Below we see some results from the latest subset selection model. The R-squared
stat increases from 32%
at 1 variable to 55%
when all the variables are included. This is expected as R-squared
always increases as more variables are included.
reg.summary$rsq
[1] 0.3214501 0.4252237 0.4514294 0.4754067 0.4908036 0.5087146 0.5141227
[8] 0.5285569 0.5346124 0.5404950 0.5426153 0.5436302 0.5444570 0.5452164
[15] 0.5454692 0.5457656 0.5459518 0.5460945 0.5461159
Lets plot the 19 variable model from just above and see how RSS and adjusted R^2 reacts to the increasing number of variables.

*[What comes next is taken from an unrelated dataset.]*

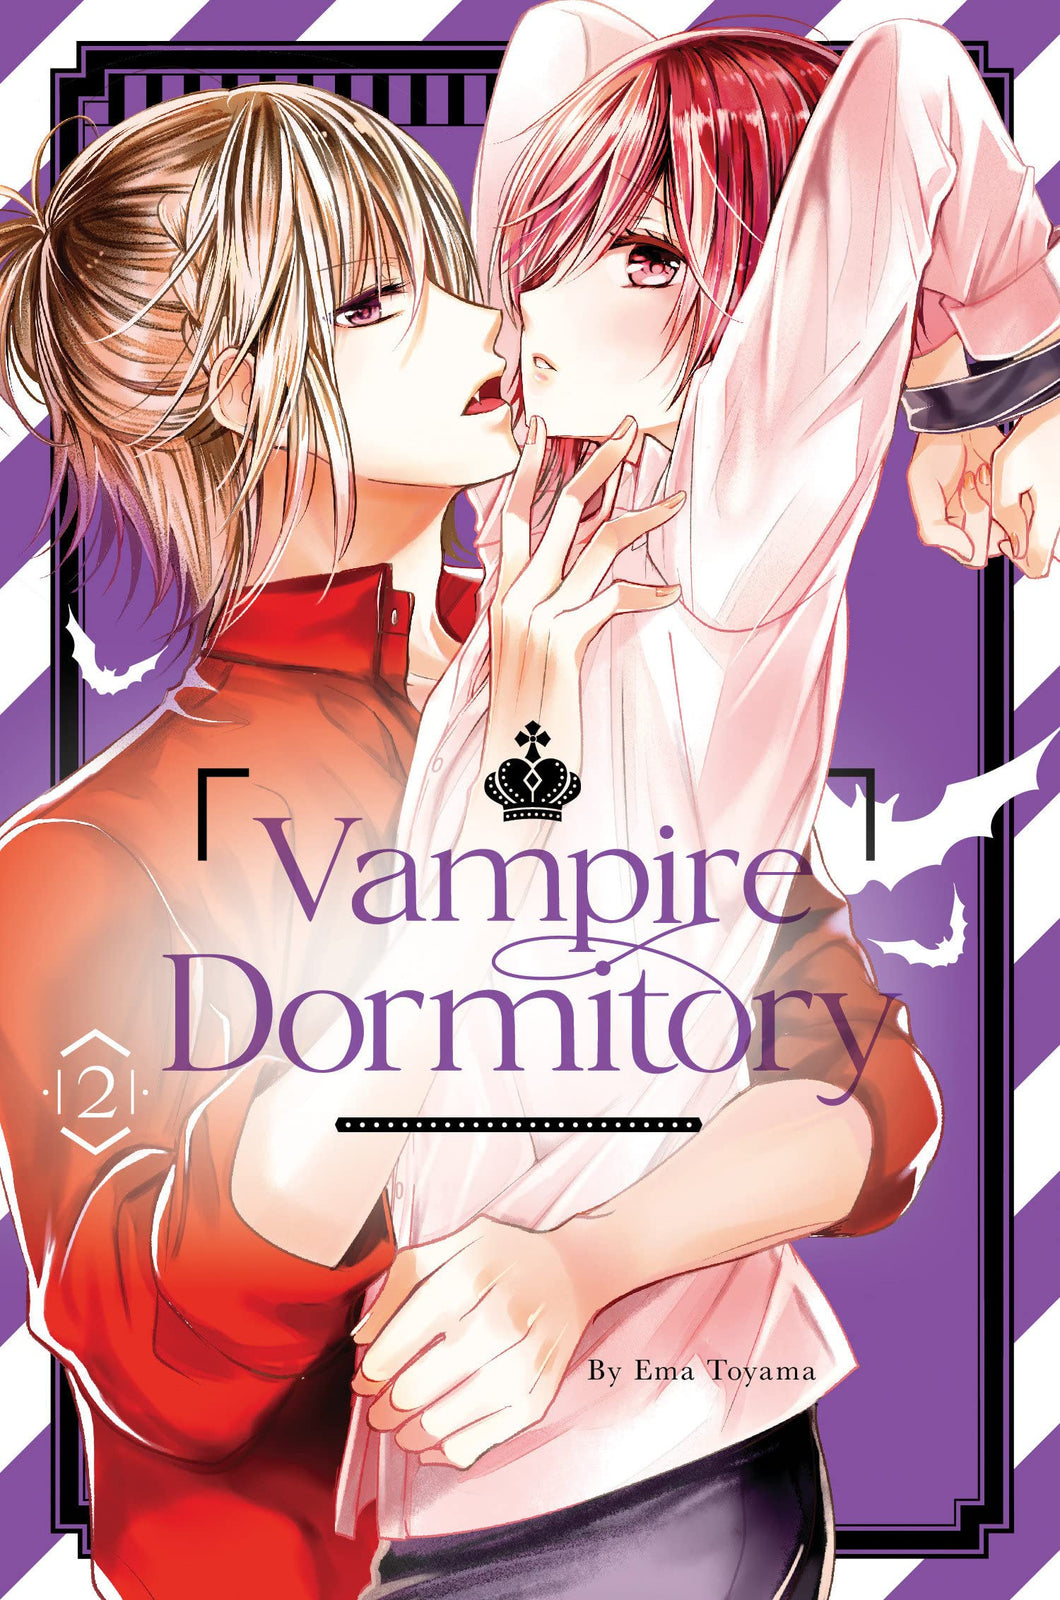 Vampire Dormitory Volume 2
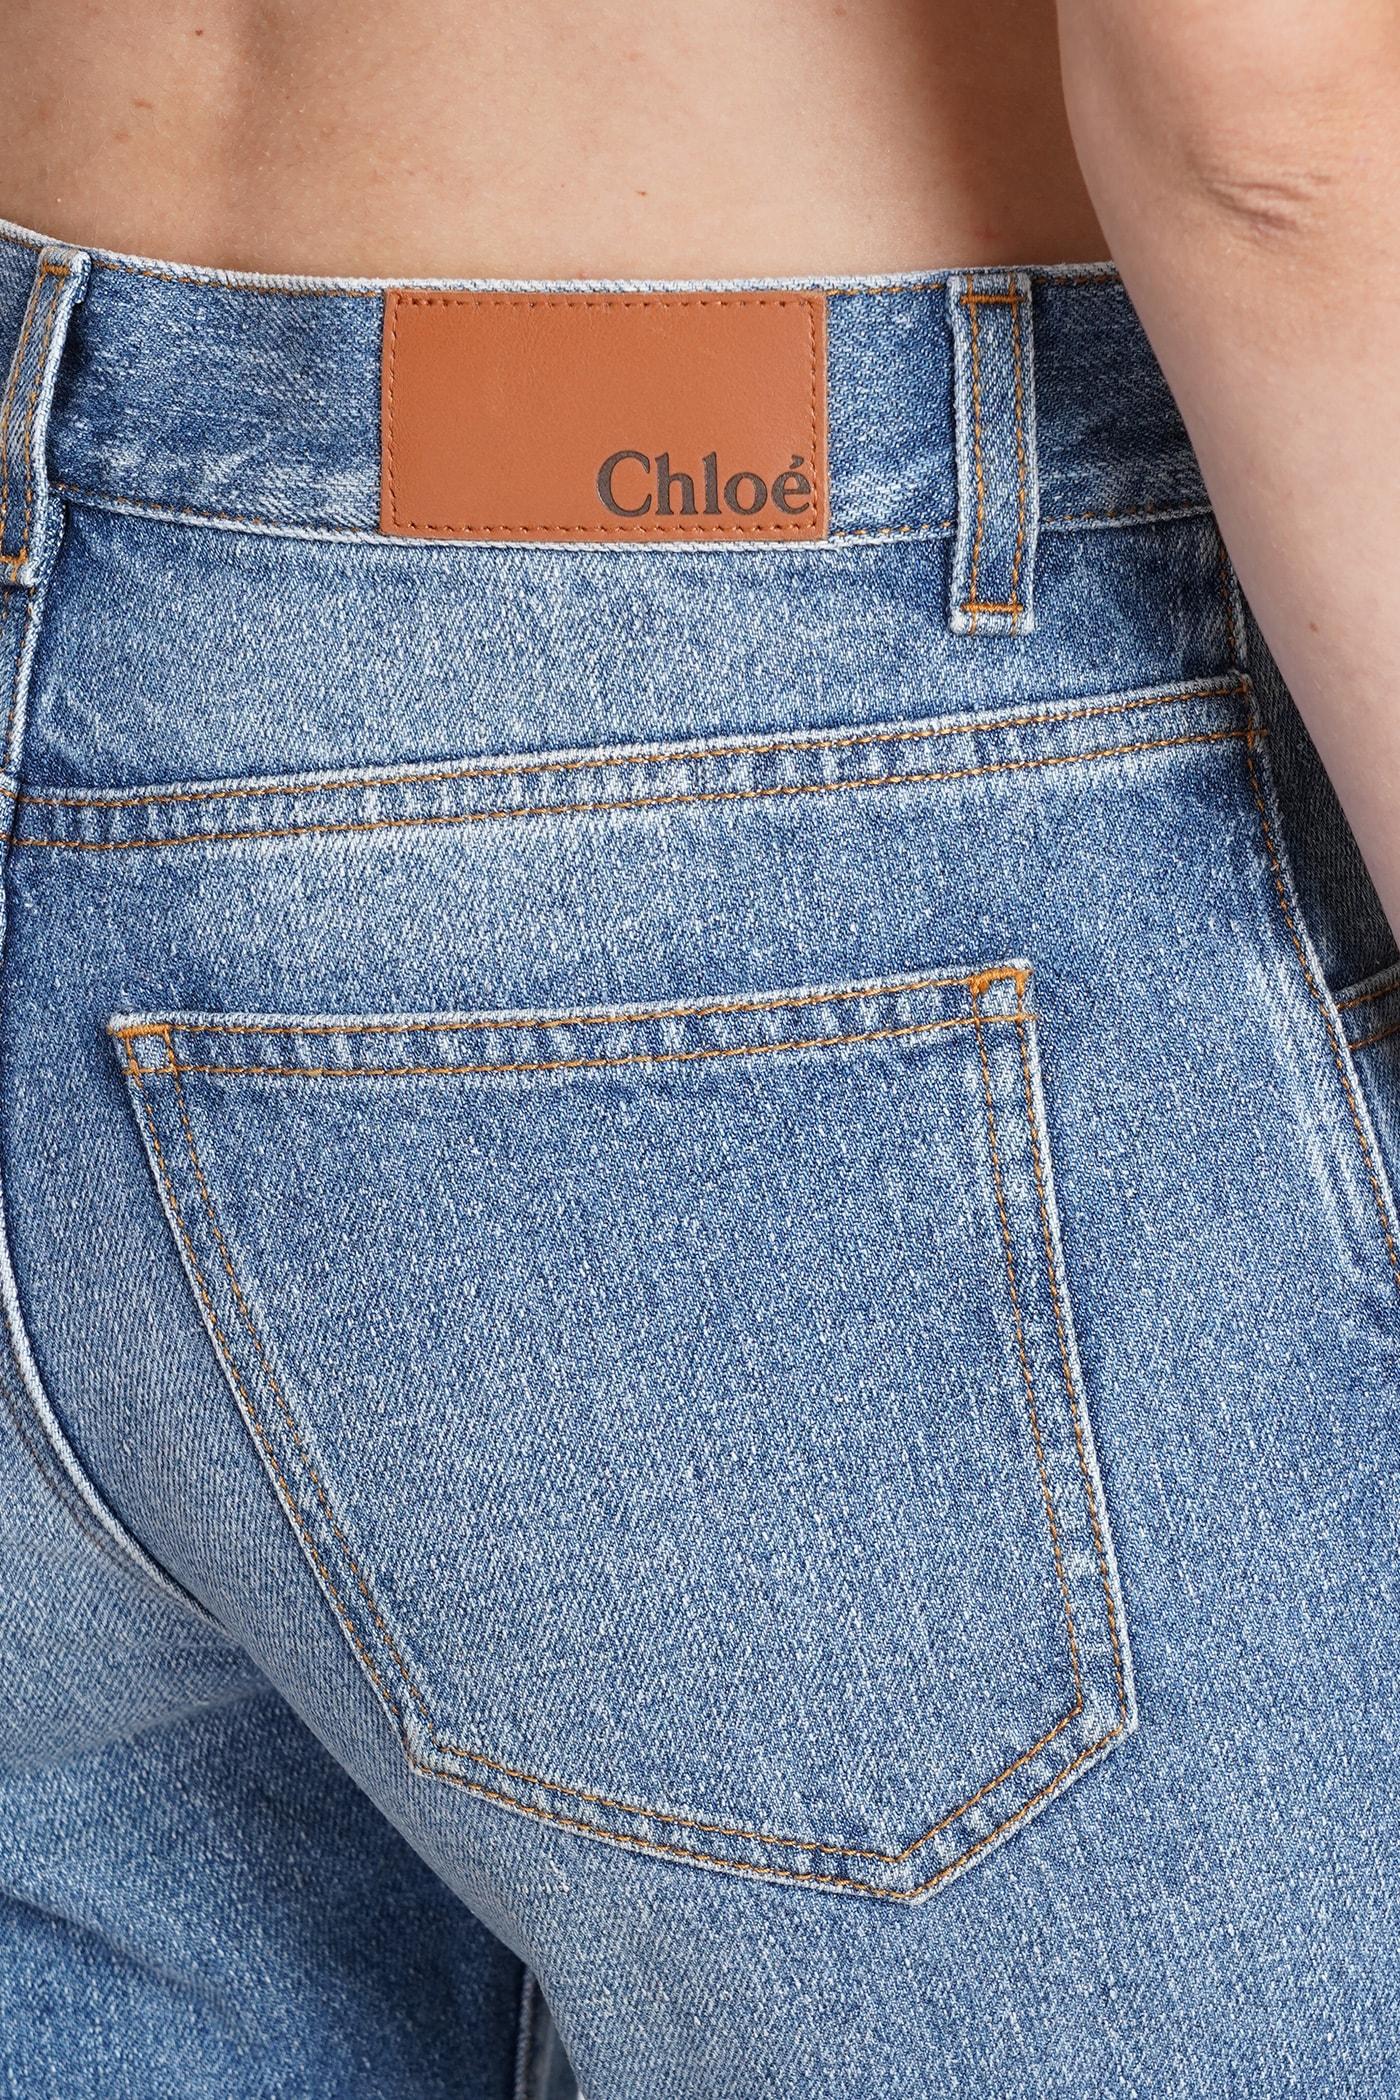 Chloé Jeans In Blue Cotton | Lyst

We can see that R^2 rises as expected and RSS falls and levels.
plot(reg.summary$rss ,xlab="Number of Variables ",ylab="RSS", type="l")
plot(reg.summary$adjr2 ,xlab="Number of Variables ", ylab="Adjusted RSq",type="l")
which.max(reg.summary$adjr2)
[1] 11
points (11,reg.summary$adjr2[11], col="red",cex=2,pch=20)
BIC is an excellent measurement statistic for finding the optimal model. Below we graph the BIC across all models and find that best is at 6
plot(reg.summary$cp ,xlab="Number of Variables ",ylab="Cp", type= 'l')
which.min(reg.summary$cp)
[1] 10
points (10,reg.summary$cp [10],col="red",cex=2,pch=20)
which.min(reg.summary$bic)
[1] 6
plot(reg.summary$bic ,xlab="Number of Variables ",ylab="BIC", type='l')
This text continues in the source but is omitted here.